Number 10
- Genre: Drama
- Running time: 45 minutes
- Country of origin: United Kingdom
- Language: English
- Home station: BBC Radio 4
- Original release: 7 September 2007
- No. of series: 5

= Number 10 (drama series) =

British radio drama series

Number 10 is a drama series for BBC Radio 4 about a fictional British Prime Minister and his staff. The series was created by Jonathan Myerson, and produced by Clive Brill of Pacificus Productions, with Peter Hyman as Political Advisor. It has had five series to date, in 2007, 2008, 2009, 2010, and 2012. The first three series starred Antony Sher as Adam Armstrong, the Labour Prime Minister. The fourth series replaced him with Damian Lewis as a Tory prime minister in a minority government, in response to the United Kingdom coalition government which took office in 2010.

==Reception==
The Independent wrote "Myerson's radio play was Shakespearean in its intrigue, its moments of tragedy and comedy and in its multi-layered action....Sixty action-packed minutes led to a gripping denouement. Number 10 possesses the fast pace that is found in the best of TV drama, which radio has been crying out for.
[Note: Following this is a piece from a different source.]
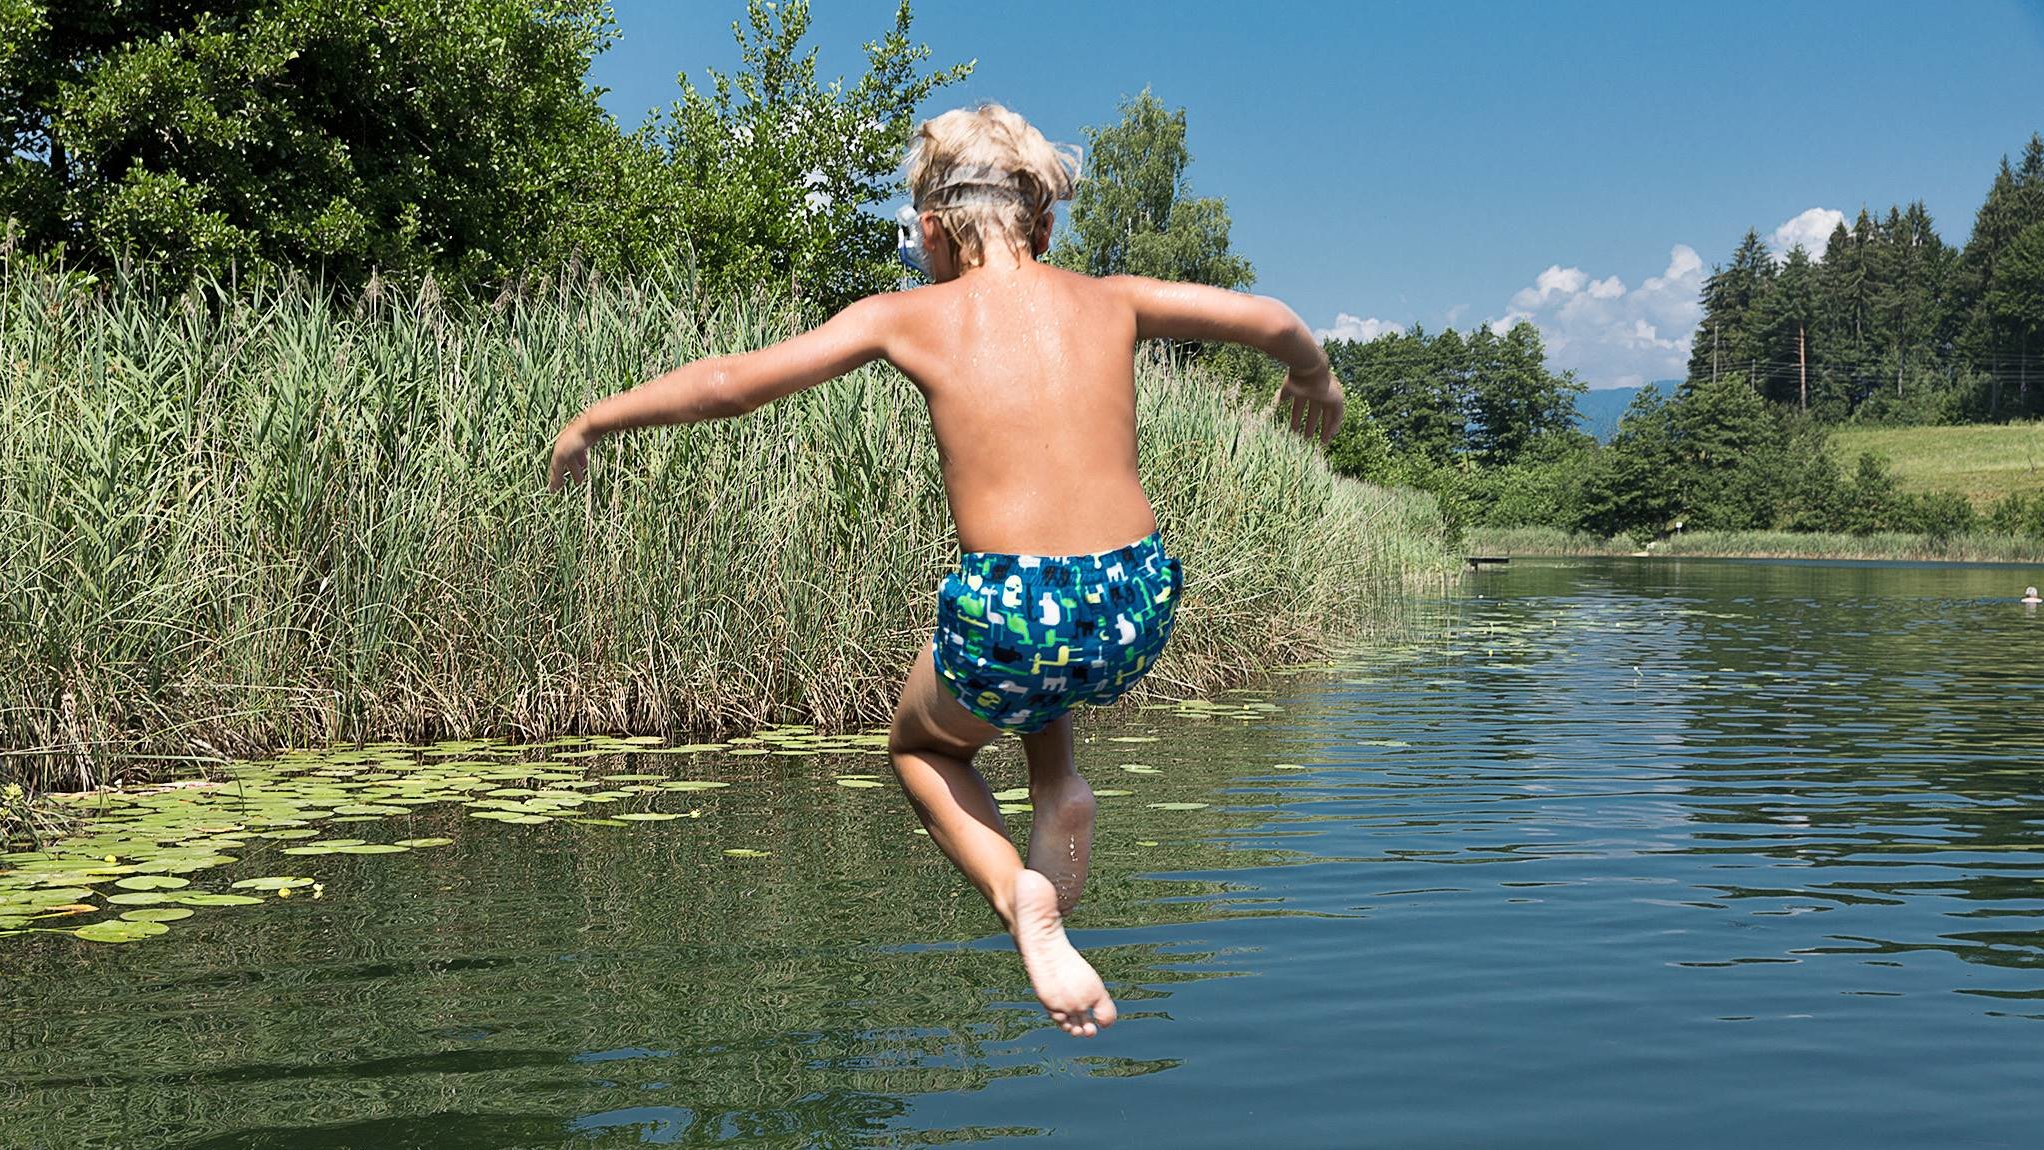 Child jumps into the refreshing water of Lake Aichwaldsee
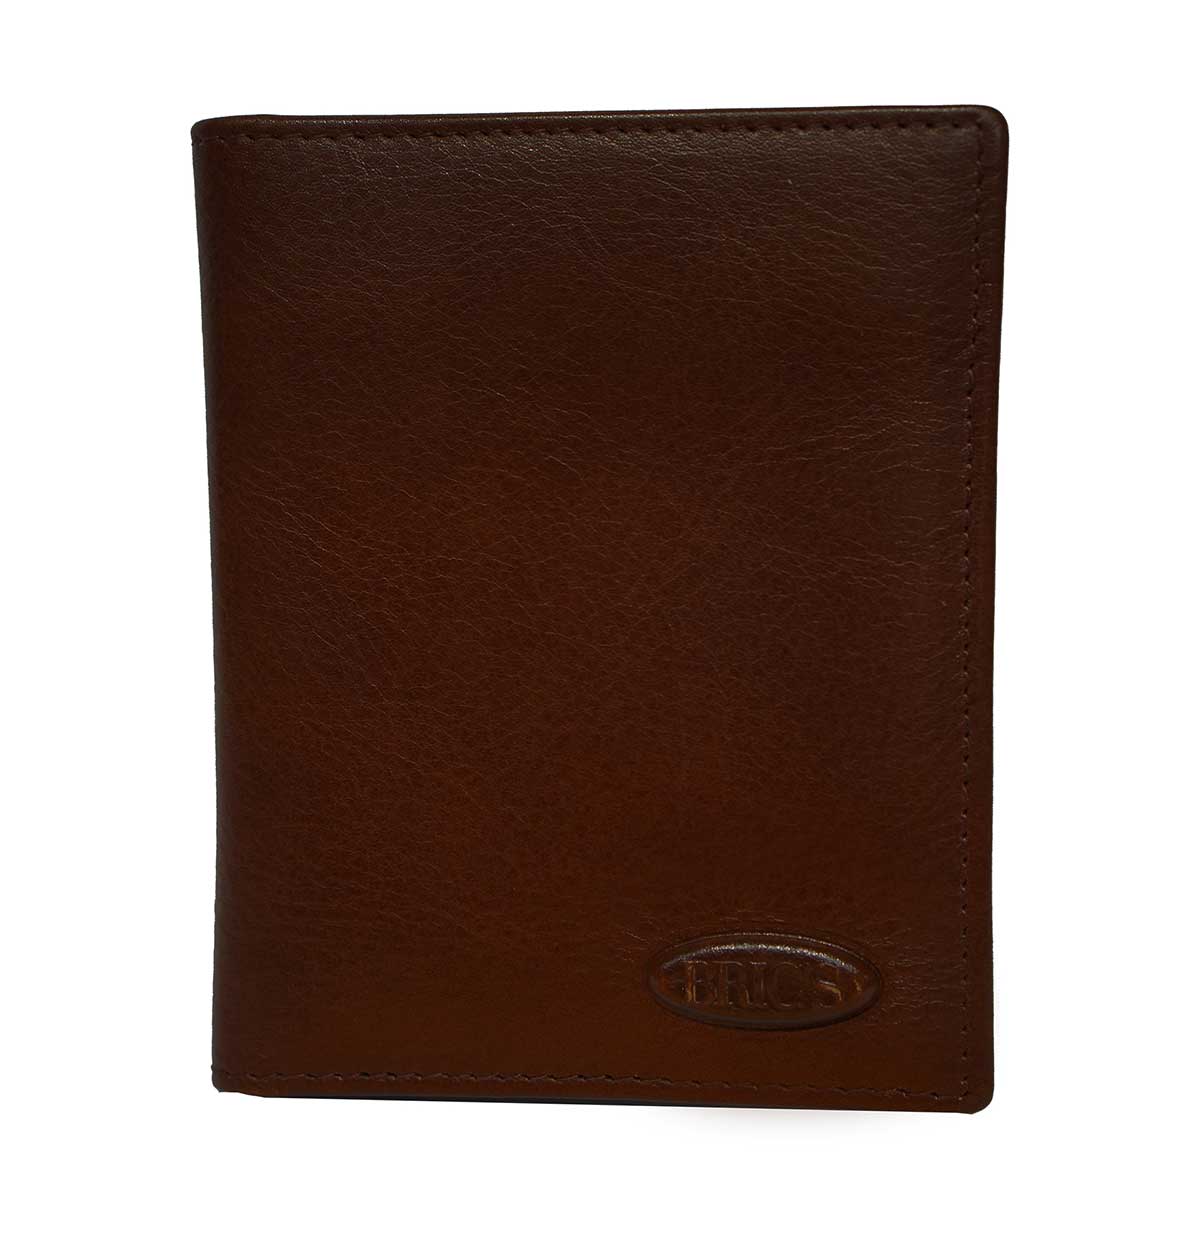 Monte Rosa Vertical Wallet With Id by Brics (Color: Dark Brown)

Bring on the next four plays."

==Cast==

===Regular===

====Series 1 to 3====
- Adam Armstrong – Sir Antony Sher
- Monica Smith – Sasha Behar
- Polly Cairns – Haydn Gwynne
- Colin Brenner – Colin McFarlane
- Steve McKie – Stephen Mangan (Series 1 and 3)
- Steve McKie – Julian Rhind-Tutt (Series 2)

====Series 4 & 5====
- Simon Laity ..... Damian Lewis
- Constance "Connie" Merchant ..... Haydn Gwynne (Series 4)
- Constance "Connie" Merchant ..... Stella Gonet (Series 5)
- Nathan Toltzn ..... Mike Sengelow
- Sir Hugo Bathgate ..... Julian Glover
- Amjad Hemmati ..... Arsher Ali
- Alan ..... John Hollingworth
- Georgina "Georgie" Cullinan ..... Gina McKee

===Guest cast===

====Series 1====

=====Episode 1=====
  - Frank ...... Anthony O'Donnell
  - Lord Cairns ...... James Laurenson
  - Nigel Ogden ...... Christopher Ettridge
  - Rebecca ...... Flora Montgomery
  - Conrad ...... Nick Rowe
  - Ms Austen ...... Claire Perkins
  - Journalist and News reader ...... Alice Arnold

=====Episode 2=====
  - Kevin Munro ...... Clive Russell
  - Angela Brenner ...... Emma Fielding
  - Hannah Armstrong ...... Kelly Hunter
  - Scottish MP ...... Nick Rowe
  - Lewis Smiley MP ...... Dominic Rowan
  - President Sawadogo ...... Joseph Marcell
  - Ollie Armstrong ...... Joseph Kloska
  - Television News Reporter ...... Alice Arnold

=====Episode 3=====
  - Lord Cairns ...... James Laurenson
  - Jasmine ...... Elizabeth McGovern
  - Hannah ...... Kelly Hunter
  - Norman Johnson ...... Shaun Prendergast
  - George ...... Nicholas Grace
  - Giles ...... Nicholas Woodeson
  - Anita ...... Carol McReady
  - Chrissie ...... Marcella Riordan

=====Episode 5=====
  - Hannah ...... Kelly Hunter
  - Major ...... Sean Baker
  - General ...... Nicholas Woodeson
  - Justin ...... Jamie Glover
  - Billington ...... Anthony O'Donnell
  - Flannery ...... Susan Brown
  - Chrissie ...... Marcella Riordan
  - Conrad ...... Nicholas Rowe
  - Journalist ...... Alice Arnold

==Episodes==

===Series 1===
This series was first broadcast weekly at 9pm from 7 September to 5 October 2007. Episodes 1, 2 and 5 were written by Jonathan Myerson, episode 3 by Nicholas McInerny and episode 4 by Mike Harris. The series was produced and directed by Clive Brill.
1. Good News Day – As the Prime Minister prepares to announce an amnesty for all immigrants working illegally in the UK, a serious tube crash threatens to jeopardise his plans.
2. And Raise Them to Eternal Life – The party promised to eliminate Britain's carbon footprint, but poll ratings are plummeting and the unions are cutting up rough.
3. Who Won the Election? – As the government prepares for a major cancer screening initiative with a private American company, a leaked letter to the PM appears to advocate legalising cannabis.
4. Rule of Law – Launching a new organisation intended to integrate Muslims into British society and prevent radicalisation, the PM also has to decide whether to back Turkey's application for EU membership.
5. Home and Away – Crises loom on two fronts as the Prime Minister faces a backbench rebellion while British troops are being held hostage overseas.